He shifted his gaze to the crumbling castle before him, raised his eyes to the tallest intact tower, and beheld a light in the darkness of his own personal night. It shone, gray and flickering, from the high observatory tower. Gathering himself, he clumped across the bridge, half-dragging his stone rear hoof, and crossed the castle's threshold to its echoing, immaculate Great Hall. Shining took a moment to look around the space and, once again, admired the hoofwork of his sister and her five friends. The old castle had been fixed up and polished into something that once again resembled a royal living space.

The whole business had been done in honor of Princess Luna, of course, who now maintained her permanent residence in Two Sisters instead of Celestia's Canterlot to keep the Diarchy's inter-sibling spats to a minimum. Obviously that's why it had been done. After all, why would anypony devote a lot of time and effort to cleaning and fixing up the old castle in Everfree if they were just going to leave it fallow, untouched, and completely unused, like some sort of abandoned plot point? That would just be silly. Obviously nopony would do that.

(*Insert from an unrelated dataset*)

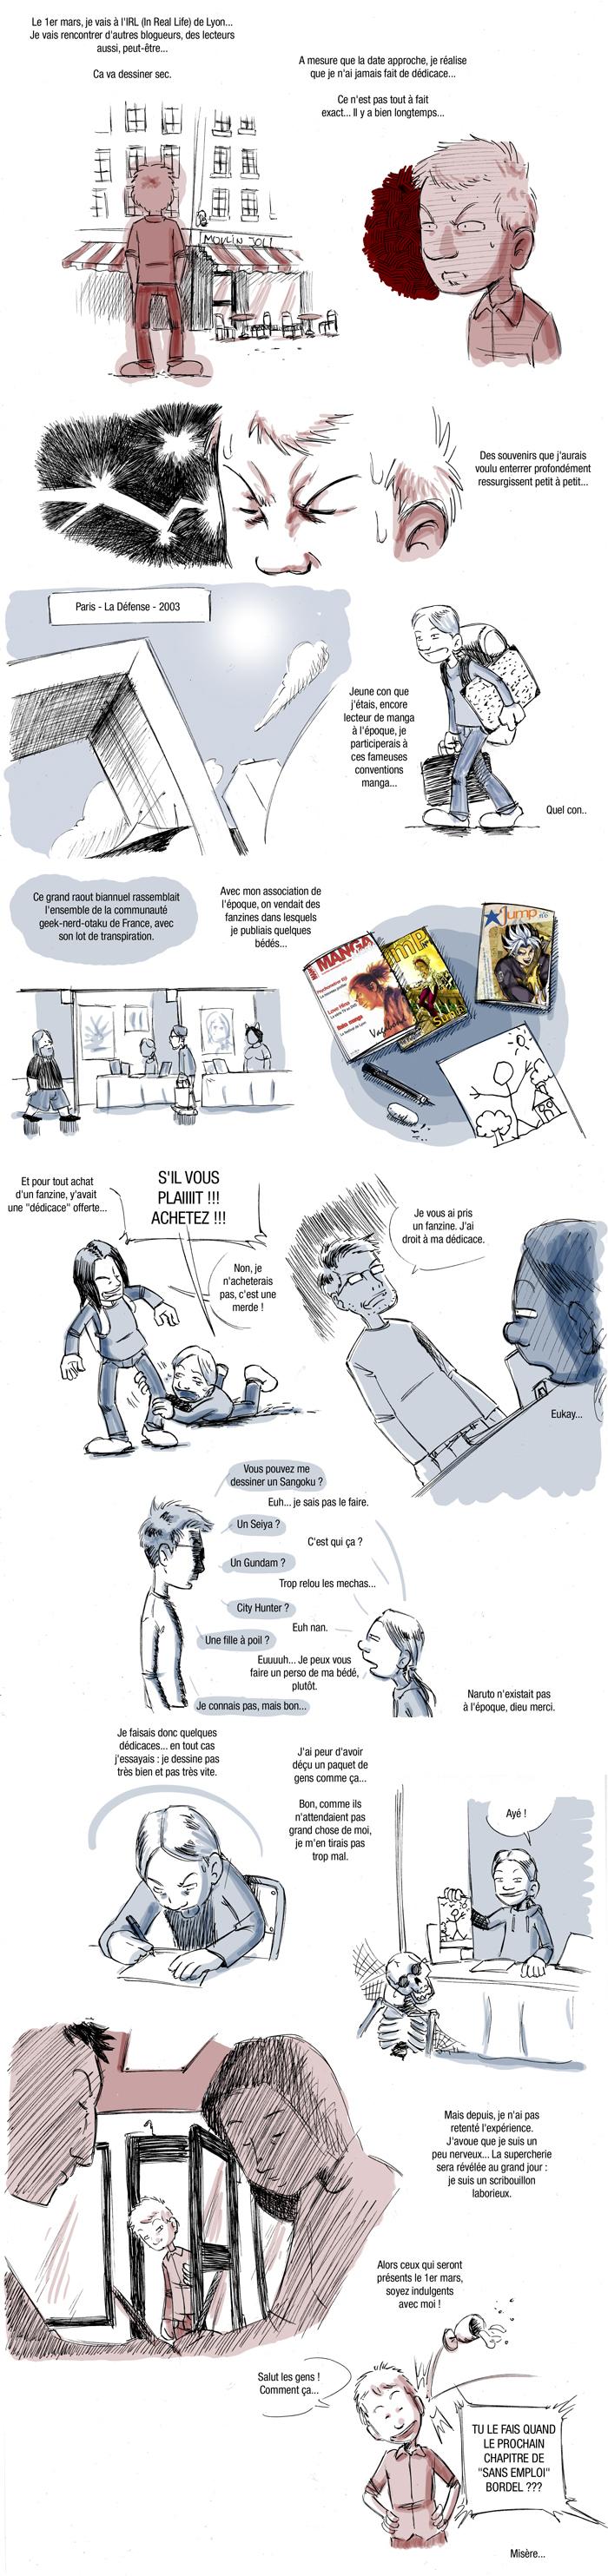 Hors-série #13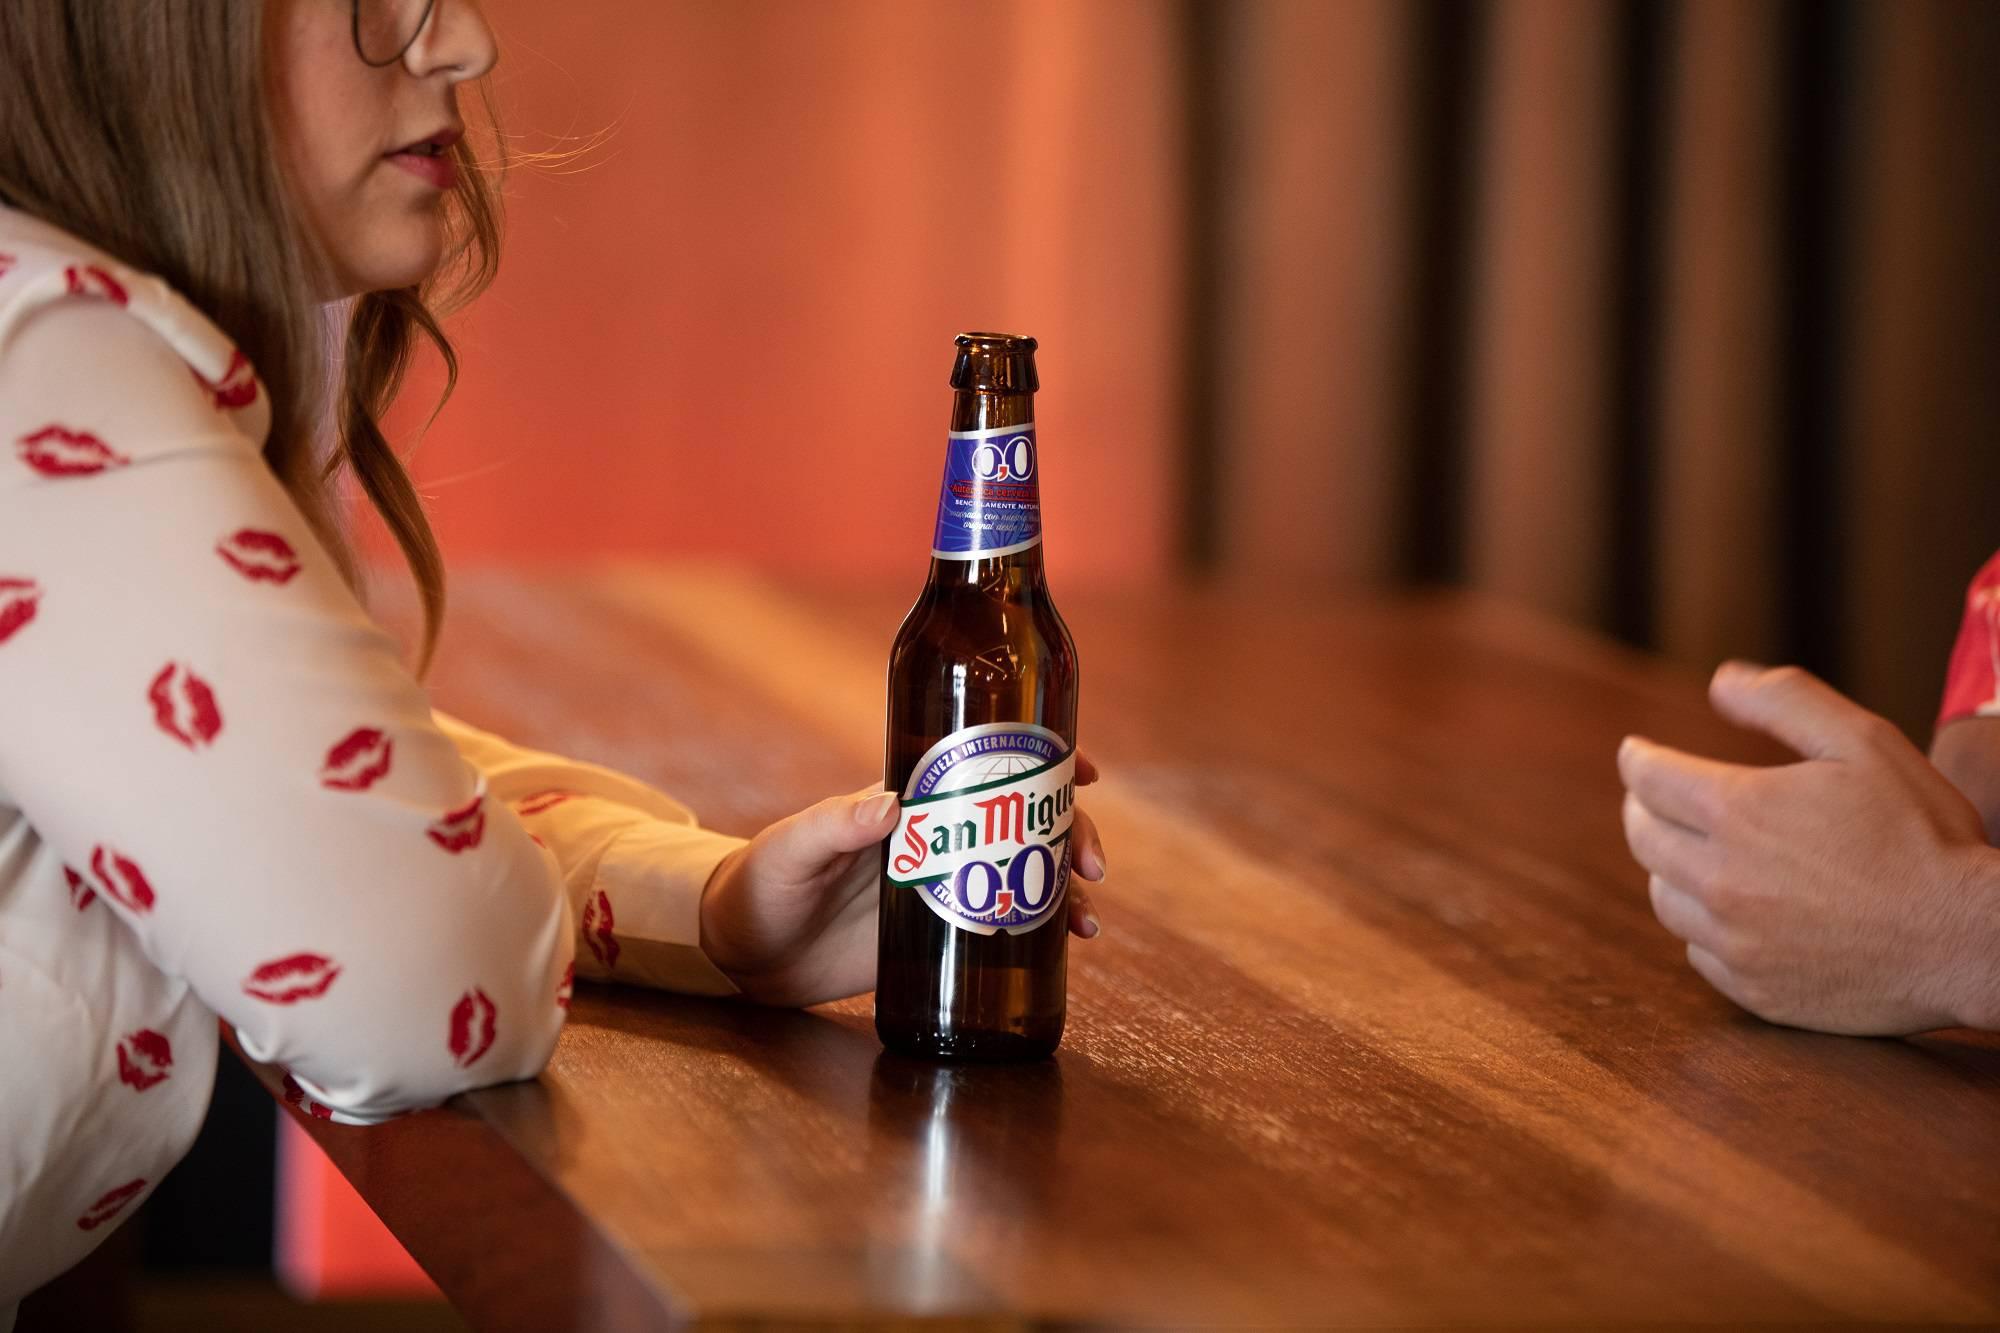 chicos bebiendo San Miguel 0,0

Wending his way through the echoing hall, Shining eventually located a grand staircase leading to the mezzanine, and bit by bit he eventually made his way to the far more narrow, far more winding set of steps leading to the tower. After a substantial climb, he found his way blocked by a stern wooden door with gray light seeping out the edges. Shining took a deep breath, summoned his courage, and gave the door a series of light hooftaps.

"Hark! A visitor!" came an overwhelming voice from beyond the door. Such was the force of the outburst that the door itself flew open and clocked Shining in the muzzle, knocking him ten steps backward and causing him to fall in a heap of limbs at the next highest landing. "Who sets hoof into the demesne of Luna, Princess of the Night?"

"It's... uh, it's me, Highness," said Shining, eventually managing to untangle himself, which was no mean feat given his half-stone leg.

"Oh, Shining Armor," said Luna, at a far more reasonable volume.

"Yes, ma'am," said Shining, clomping his way back up the stairs. "You sent for m—"

"Enter and be welcome, most exalted Prince of the Crystal Empire!" bellowed Luna, knocking Shining back down the stairs.

"Ow," he said, weakly. Despite being even more injured than before, Shining made the quick threat assessment that Luna was probably less dangerous close up, where she was less likely to unleash her devastating sonic attack. He clambered up the steps. "Yes! Coming!"

"Do not tarry, Shining Armor. My nightly duties come apace!"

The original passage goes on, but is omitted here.